News / South Africa

Thabitha Mahlangu
3 minute read
12 Oct 2018
1:27 pm

Mr and Miss University of Venda face cyberbullying

Thabitha Mahlangu

Miss UniVen was called 'ugly' and 'too dark' to be a beauty queen while Mr UniVen was deemed 'too short' to hold the title.

Thamathama Ratshili (Miss University of Venda 2018/2019) and Vongani Dumela (Mr University of Venda 2018/2019)

Cyberbullying is a form of harassment that occurs on the web or on the internet and the latest victims thereof were recently crowned Mr and Miss University of Venda 2019 at the University of Limpopo over the past weekend, Review reports.

According to one of the judges, founder and CEO of SAMYF (South African Modelling Youth Forum) Percy Mohale, the problem started when photos of the two winners began circulating and trending on social media. Miss UniVen 2019 was called ugly and too dark to be a beauty queen while Mr UniVen was deemed too short to hold the title.

Mr and Mrs UniVen 2019

Percy told Review: “The problem with the community/audience is that they assume that beauty pageants are only about physical beauty and that is not the case. As judges, we look at various attributes and characteristics which go beyond physical looks, which is exactly how the contestants of this competition were critiqued and assessed.
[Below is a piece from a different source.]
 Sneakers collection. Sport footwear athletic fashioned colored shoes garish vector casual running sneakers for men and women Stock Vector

It very sad that the community, as well as fellow contestants, would even go to such an extent to trash and tarnish young people’s reputations who are merely just trying to improve, empower, and transform themselves as individuals.”
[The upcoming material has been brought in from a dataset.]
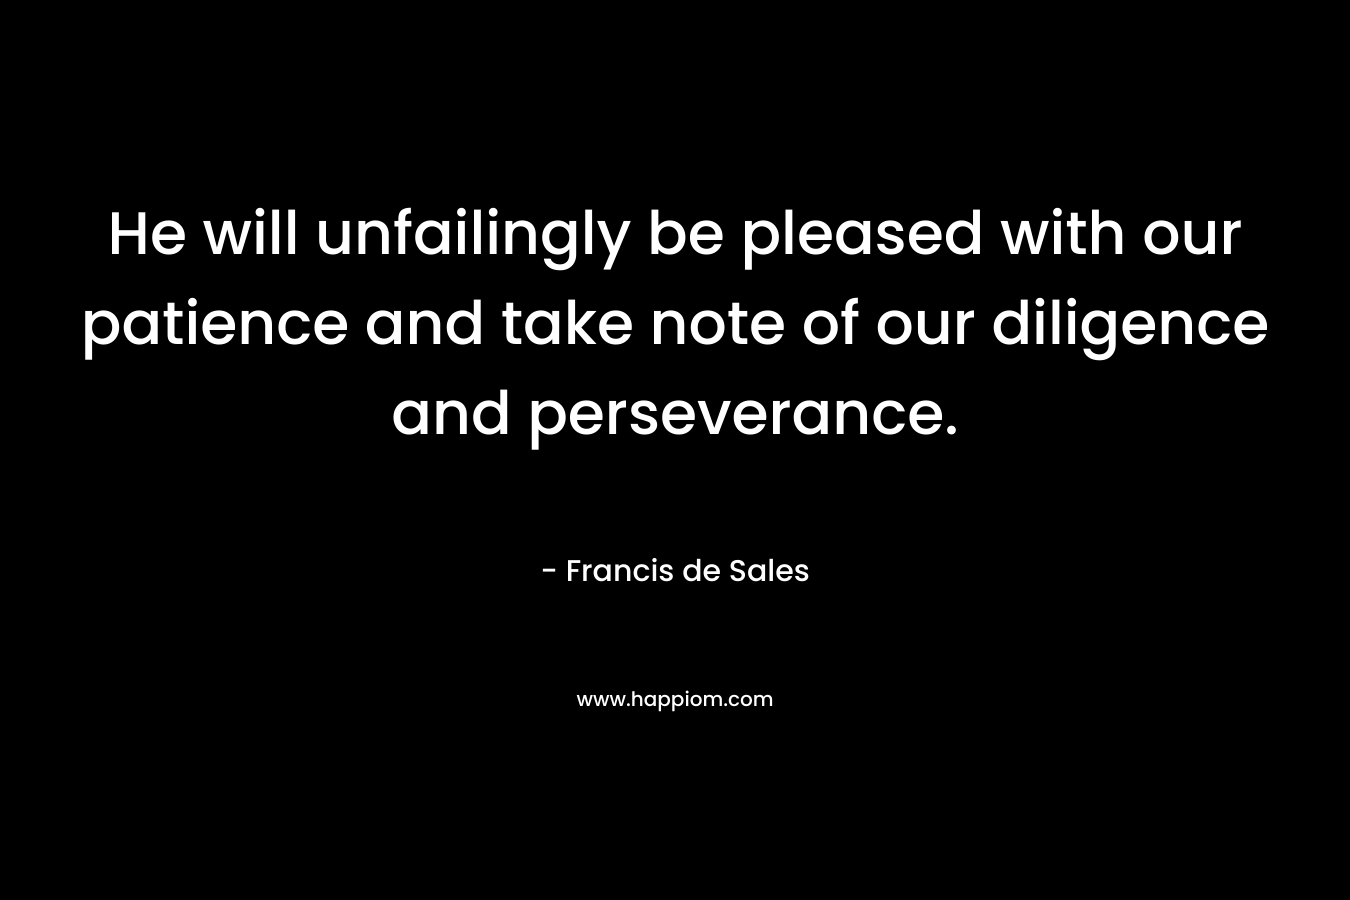 He will unfailingly be pleased with our patience and take note of our diligence and perseverance. – Francis de Sales

Percy said that he, together with the other judges, advised the winners of the pageant Thamathama Ratshili (Miss University of Venda 2018/2019) and Vongani Dumela (Mr University of Venda 2018/2019) to not respond to the posts and focus on performing their duties and growing their brands.

Thamathama Ratshili (Miss University of Venda 2018/2019).

Vongani Dumela (Mr University of Venda 2018/2019)

Review spoke to Vinolia Masera, a Campaign Manager who said that there are no rules with regards to using social media platforms. “Social media is a platform for people to express themselves freely and share whatever content that they want. As long as the content is not of violent, disturbing, or pornographic nature as the sites will ban the content.

“In some instances, unfortunately, the content does circulate too fast and causes great damage that even having it pulled down from the web will not restore one’s reputation or dignity. Users are allowed to post any other content, however, in today’s time people do post offensive content and justify it as having freedom of expression, little do they know that they actually can get on the wrong side of the law as the internet is a very wide platform and nothing is really censored or private.”

Vinolia also advised web users to very extra careful with what they post on social media as that can decrease their chances of progressing in life as employers/recruiters are now looking up potential candidates on social media before calling them in for interviews. This is to assess their characters and overall social status so it is crucial to keep your content clean and less aggressive/offensive in order to maintain a good reputation.

The two winners seemed unbothered by the posts and said that they decided to take the nasty comments and criticism as stepping stones to better themselves.

“Criticism will always be there and people just need to learn to accept them and take them and use those to improve themselves. They can either build or break you as a person, the decision is yours,” said Thamathama, current Miss University of Limpopo.